## ASSIGNMENT
Return a faithful copy of all the entries, omitting the images.
┌─ DATA FOR ANALYSIS
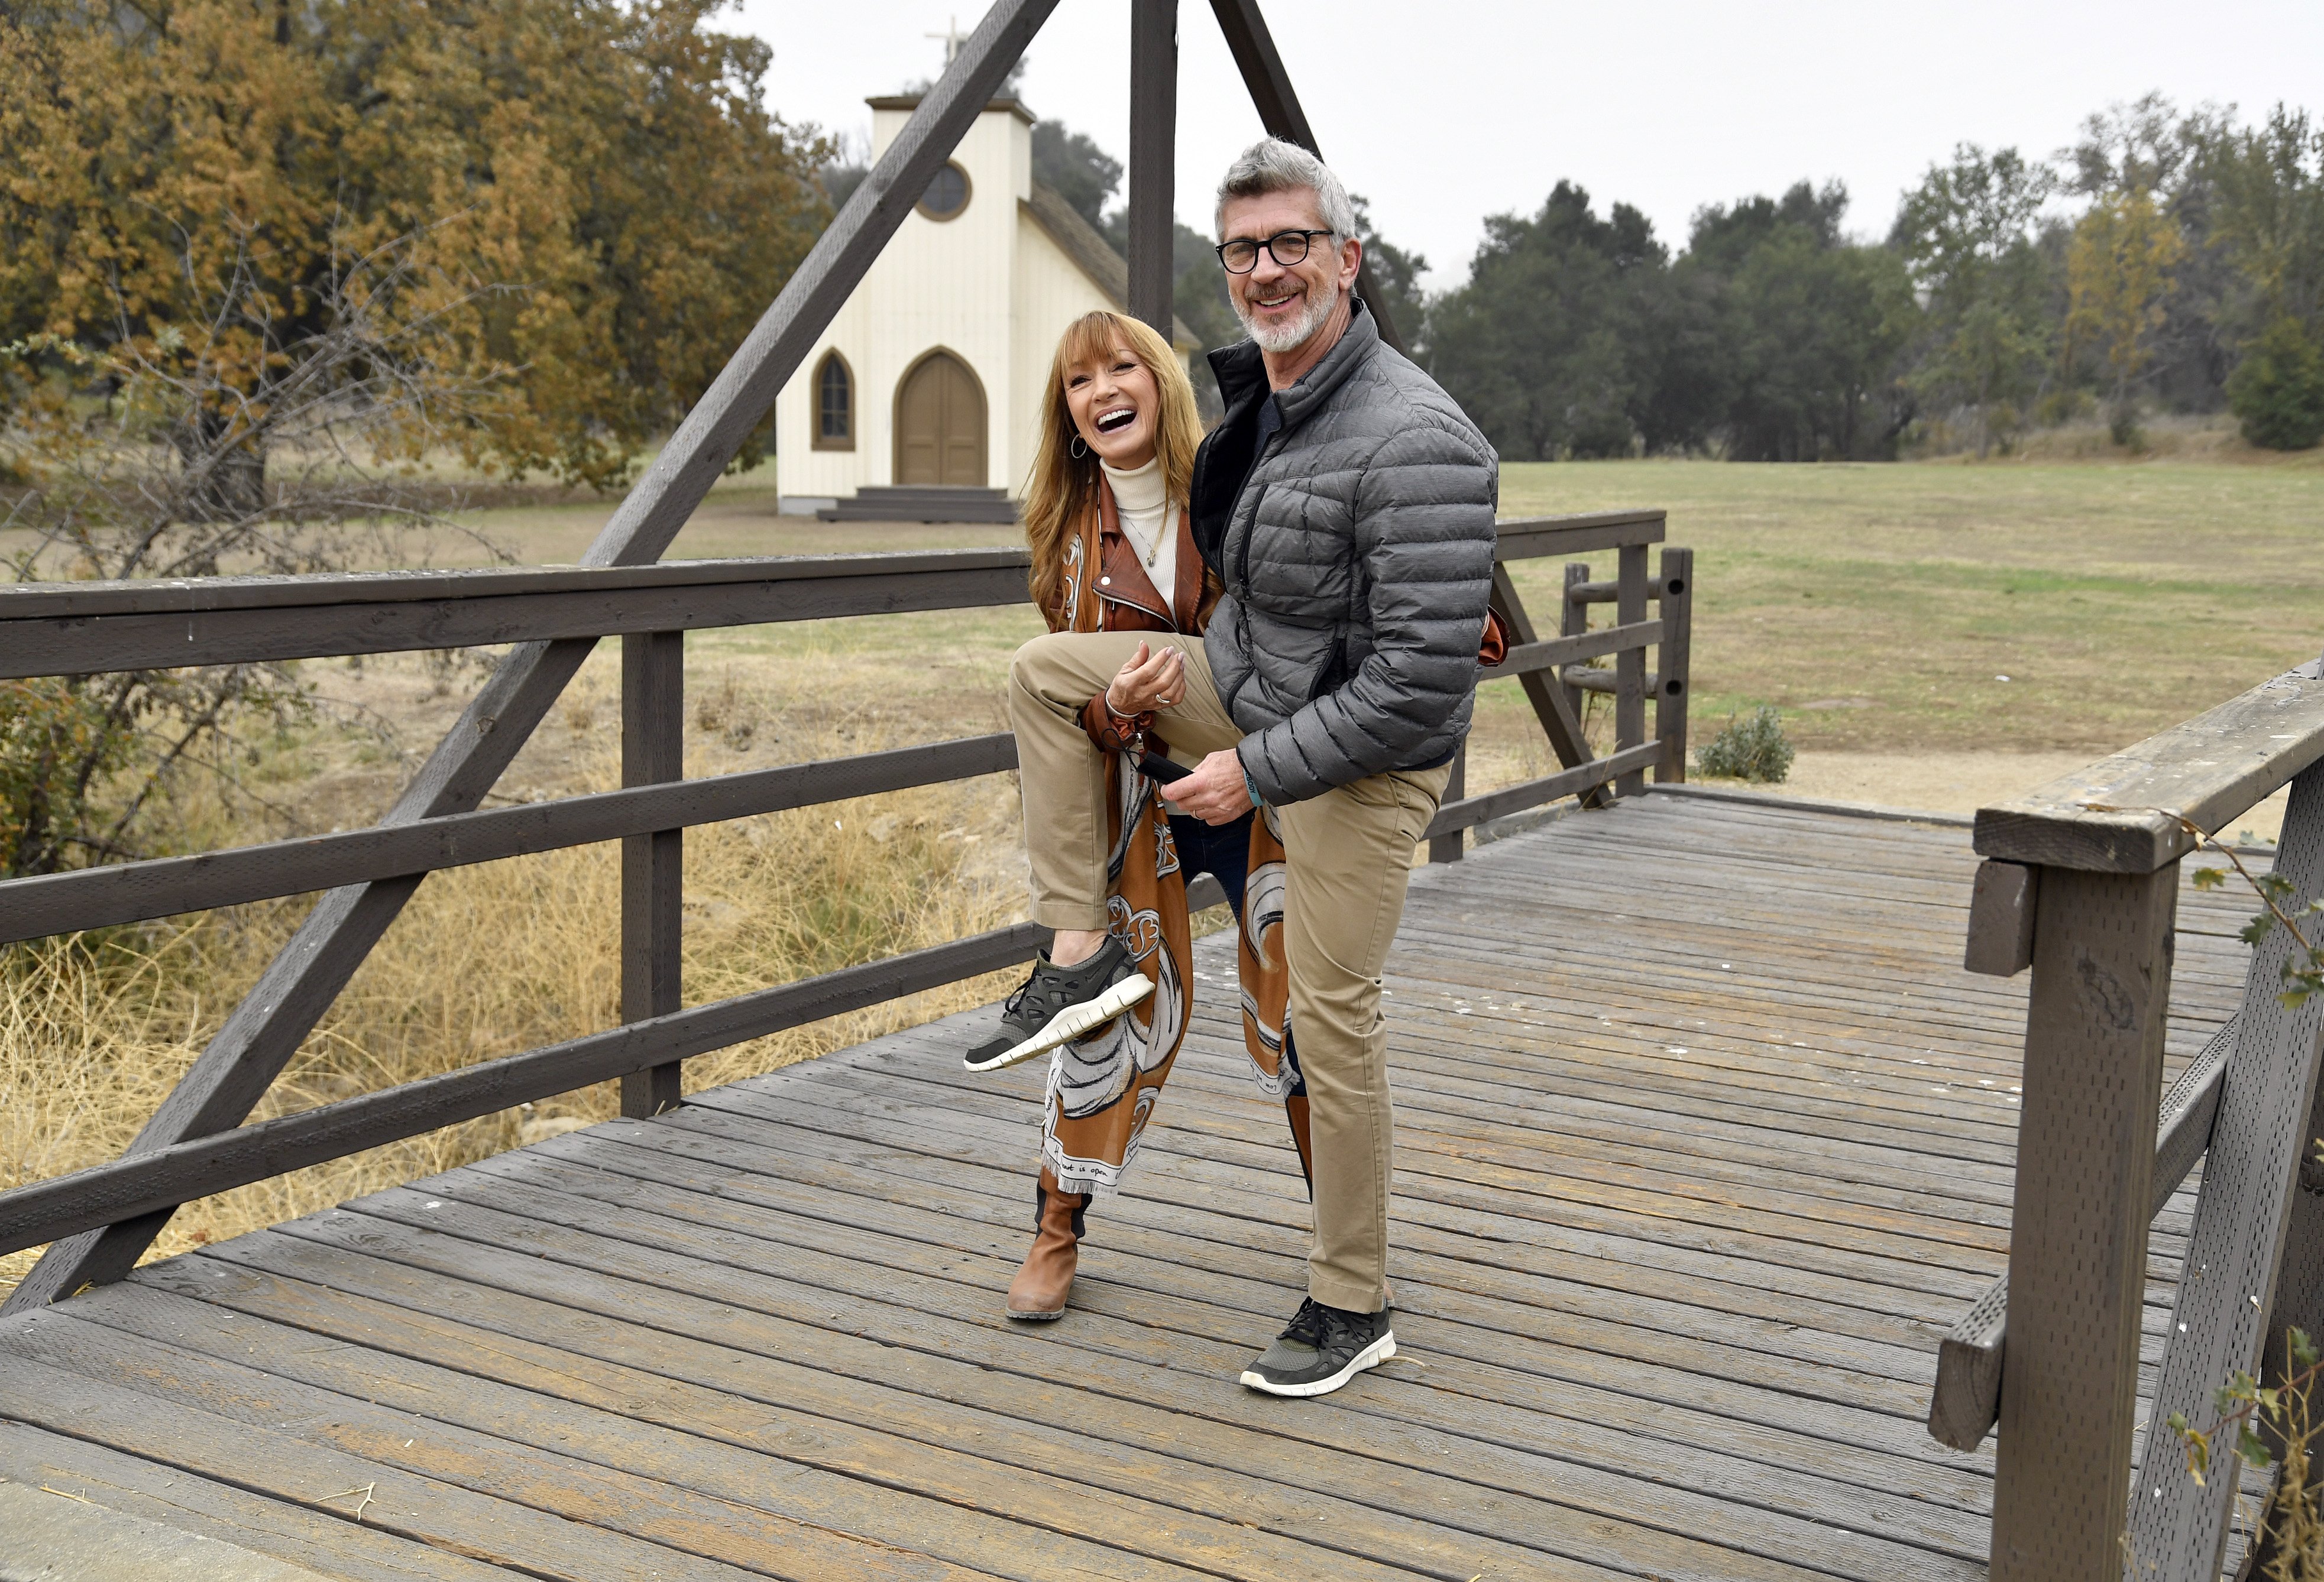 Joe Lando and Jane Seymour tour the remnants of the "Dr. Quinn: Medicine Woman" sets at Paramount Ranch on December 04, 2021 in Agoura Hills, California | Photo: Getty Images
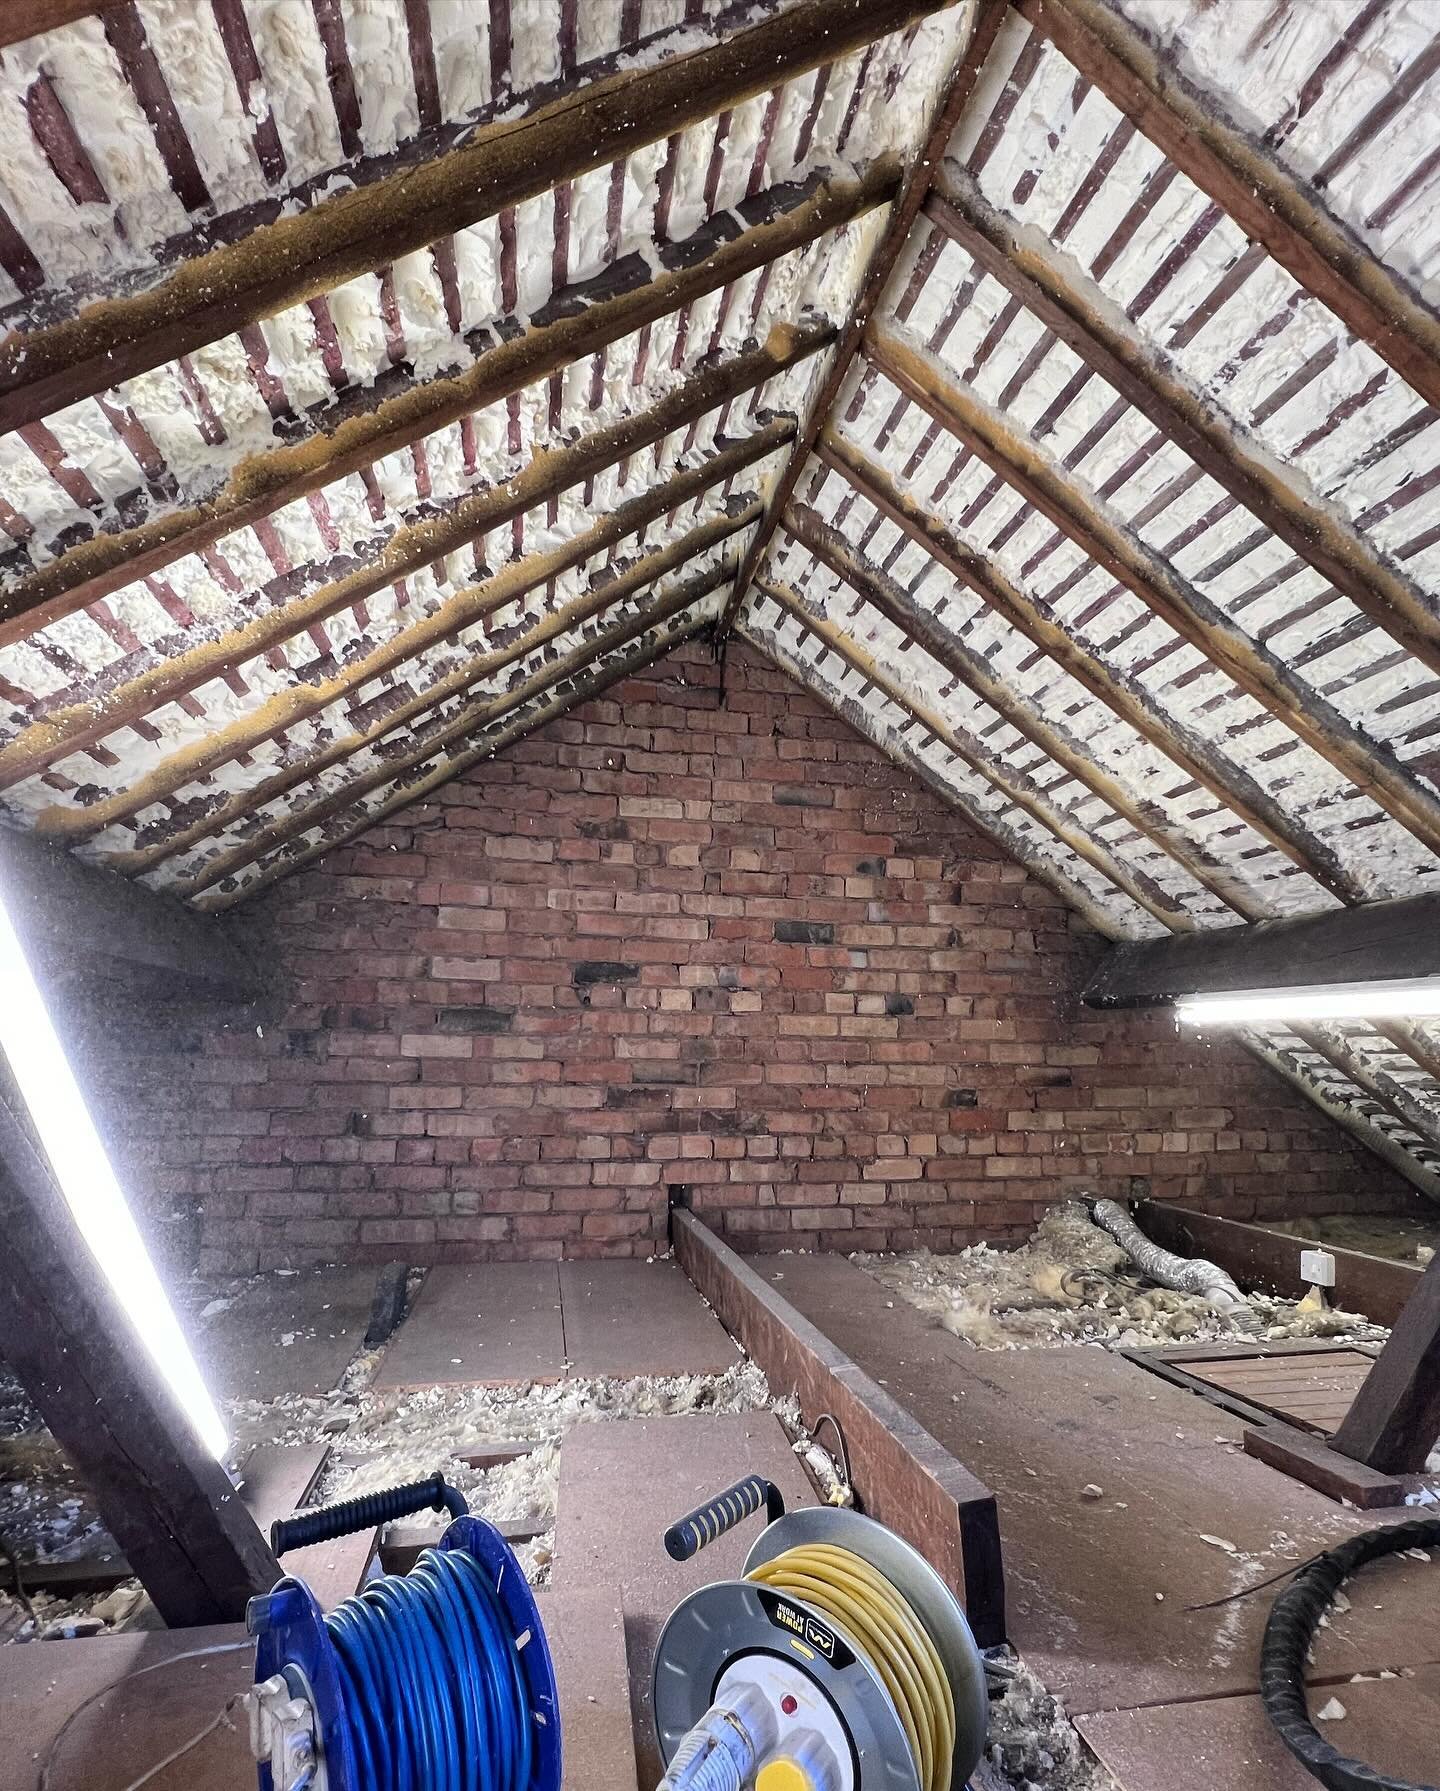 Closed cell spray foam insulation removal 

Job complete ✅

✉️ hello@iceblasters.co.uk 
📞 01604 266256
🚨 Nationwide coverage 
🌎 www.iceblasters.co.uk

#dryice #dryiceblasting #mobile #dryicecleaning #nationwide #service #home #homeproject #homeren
└─
## PROBLEM SOLUTION
 Joe Lando and Jane Seymour tour the remnants of the "Dr. Quinn: Medicine Woman" sets at Paramount Ranch on December 04, 2021 in Agoura Hills, California | Photo: Getty Images
 Closed cell spray foam insulation removal 

Job complete ✅

✉️ hello@iceblasters.co.uk 
📞 01604 266256
🚨 Nationwide coverage 
🌎 www.iceblasters.co.uk

#dryice #dryiceblasting #mobile #dryicecleaning #nationwide #service #home #homeproject #homeren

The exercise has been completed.